Paying off student loans without sacrificing your long-term financial health
Strategies for keeping college affordable
You don’t need me to tell you how the cost of getting a college education has gone through the roof.
Last year, the price of tuition, fees, and room and board averaged a record $39,520 for private nonprofit colleges and $17,860 for public ones.1
For many, that has meant they’ve had to borrow money for the education they want. About two-thirds of bachelor’s degree recipients borrow money to attend college, either from the government or private lenders. Total outstanding student loan debt now stands at $966 billion, greater than outstanding credit card debt, according the Federal Reserve Bank of New York. For all borrowers, the average debt in 2012 was $26,600.2
Today, Americans (maybe you’re one of them) are making serious sacrifices to keep up with their loan payments. According to a 2013 survey from the American Institute of CPAs, 41 percent of the more than 200 people surveyed said they have delayed saving for retirement, 40 percent have put off buying new cars, and 29 percent have postponed buying a house. Whether you’re paying off student loans now or thinking about taking out a loan for college, or a parent getting ready to send your child to college, there are several avenues to explore so you don’t have to sacrifice your long-term financial health.
College education: A great long-term investment
Remember, even though costs continue to go up and many incur debt, a college education’s value remains a great long-term investment.
It’s easy to understand why.
A 2013 study by the Pew Charitable Trusts, shows that Americans age 21-24 with a bachelor’s degree had an employment rate 10 points higher than those with only a high school degree.
And college graduates typically make more money, sometimes substantially more depending on the field they enter.
Three decades ago, fulltime workers with a bachelor’s degree made 40 percent more than those with only a high-school diploma. In 2011, the gap reached 83 percent.3
The bottom line for someone considering a college education: It’s a great long-term investment.
Student loans: A serious medium-term financial burden
Here are a few things you can do to mitigate the impact of college debt has on meeting your long-term financial goals.
Extend the life of your loans
If your repayment plan is less than 20 years and you are a recent graduate with tight finances, it may make sense to see if your lender(s) will extend repayment to 30 years, thus lowering your current out-of-pocket expenses.
Reduce your interest rates
Almost every student loan lender (including the Department of Education) has some kind of interest rate discount for people who set up direct deposit. Usually it’s around 0.25 percent. Lenders prefer direct deposit because it increases the likelihood that you’ll make payments on time. While 0.25 percent may seem insignificant, it’s actually very significant — because over your loan’s life a quarter-percent discount could knock off a big chunk of the interest you’ll pay.
Check with your lender to see if they have any other interest rate deductions. Some may be able to reduce your interest rate if you have a high credit score or a history of on-time payments.
Consolidate your loans
The federal government and some private lenders offer consolidation loans. In some cases, you can also reduce your interest rate with one of these consolidation loans.
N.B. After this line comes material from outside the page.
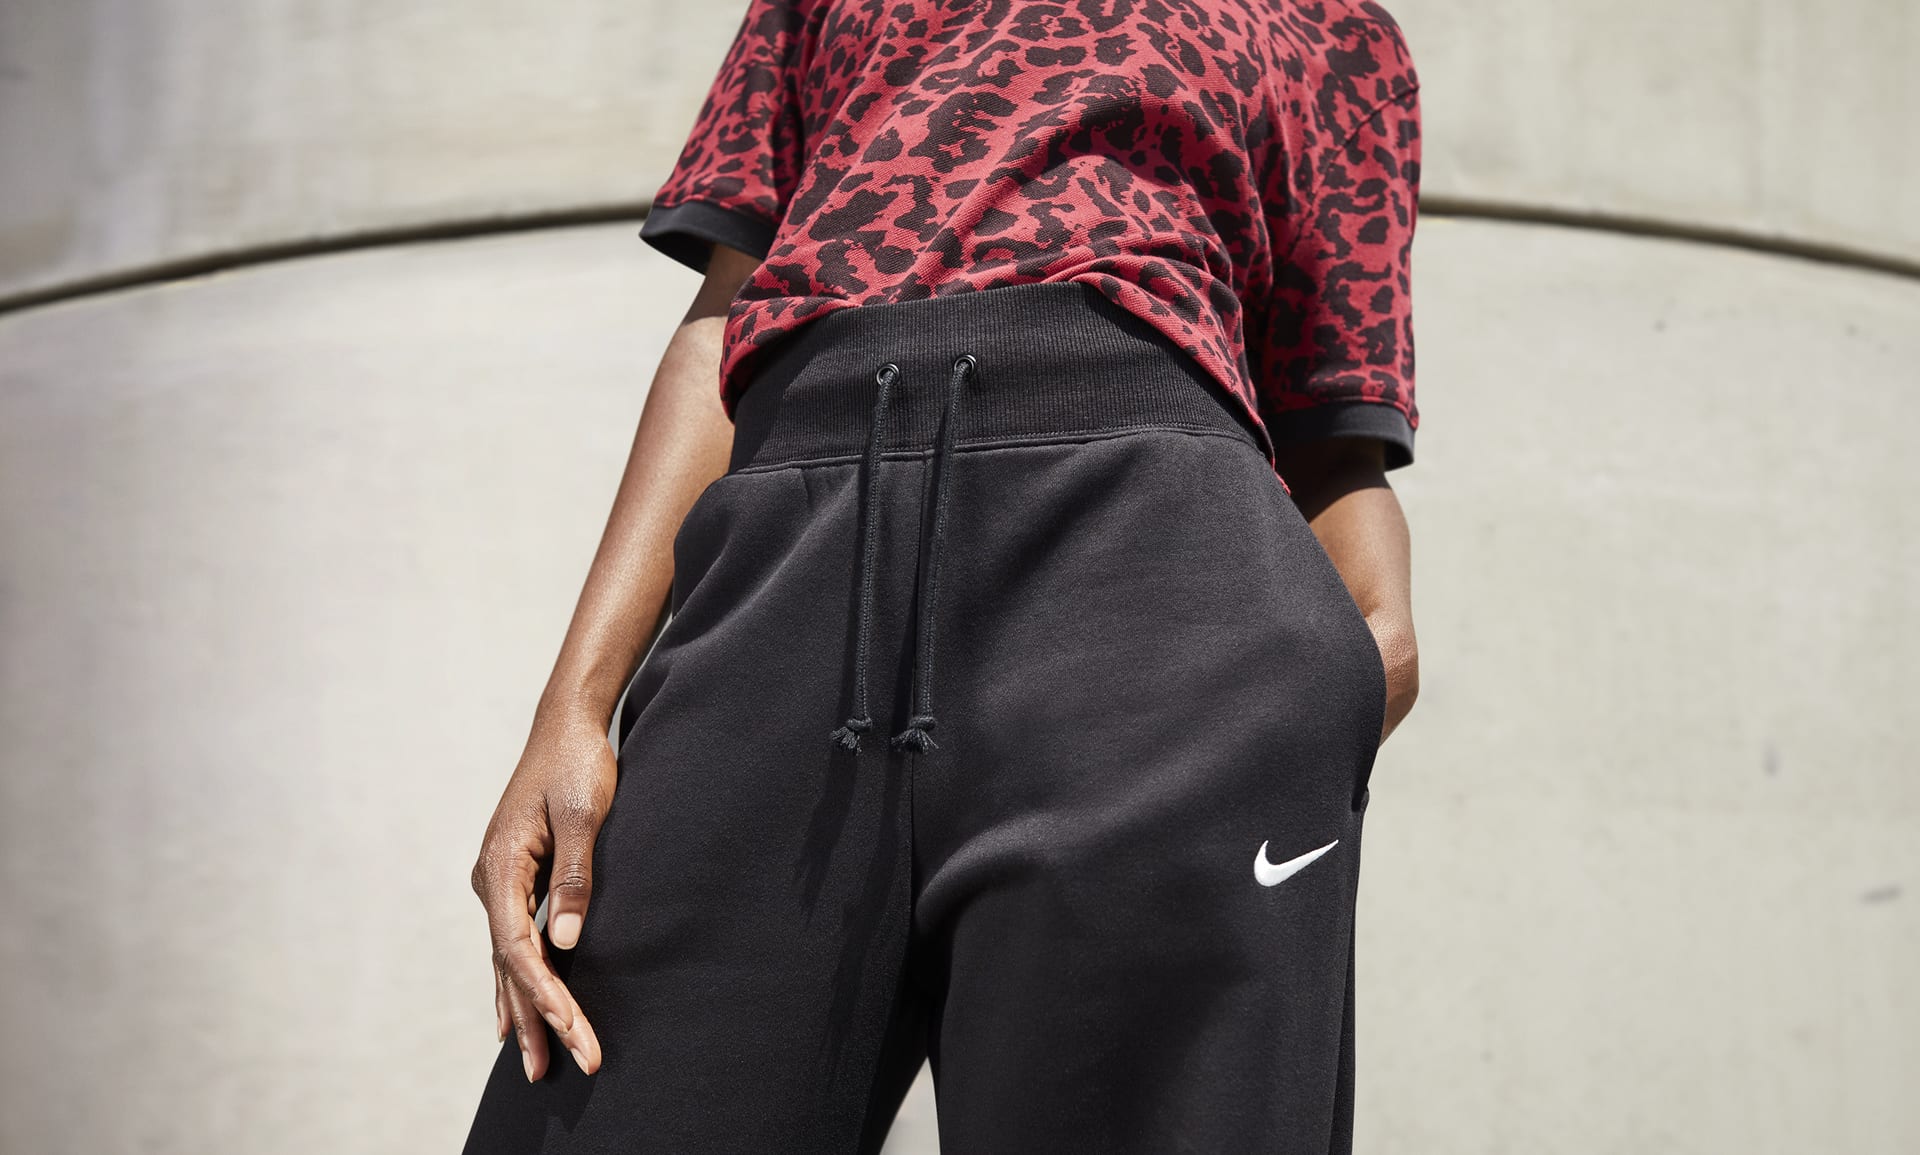 Nike Womens Pheonix High Rise Fleece Pants

See if you qualify for income based repayment
If you have a federal loan and you are on a limited income, the government’s Income-Based Repayment plan allows you to pay based on what you earn, not on what your loan payments are supposed to be. Under the program, most borrowers with loans issued since October 2007 are eligible to participate.
President Obama’s 2013 budget proposal—which requires congressional approval—would let all borrowers with pre-2007 loans participate and would make tax exempt any debt forgiven through the program.
Home equity loans
If you own a home, with interest rates so low it may be worth taking out an equity loan to pay off student loans, most of which are locked in at 6.8 percent. It’s important to calculate you total interest costs over the life of the new equity loan versus what you would pay for the student loan.
Get help from your employer
There are several programs in place that help you pay back student loans. Some are through employers, while others are public-service oriented.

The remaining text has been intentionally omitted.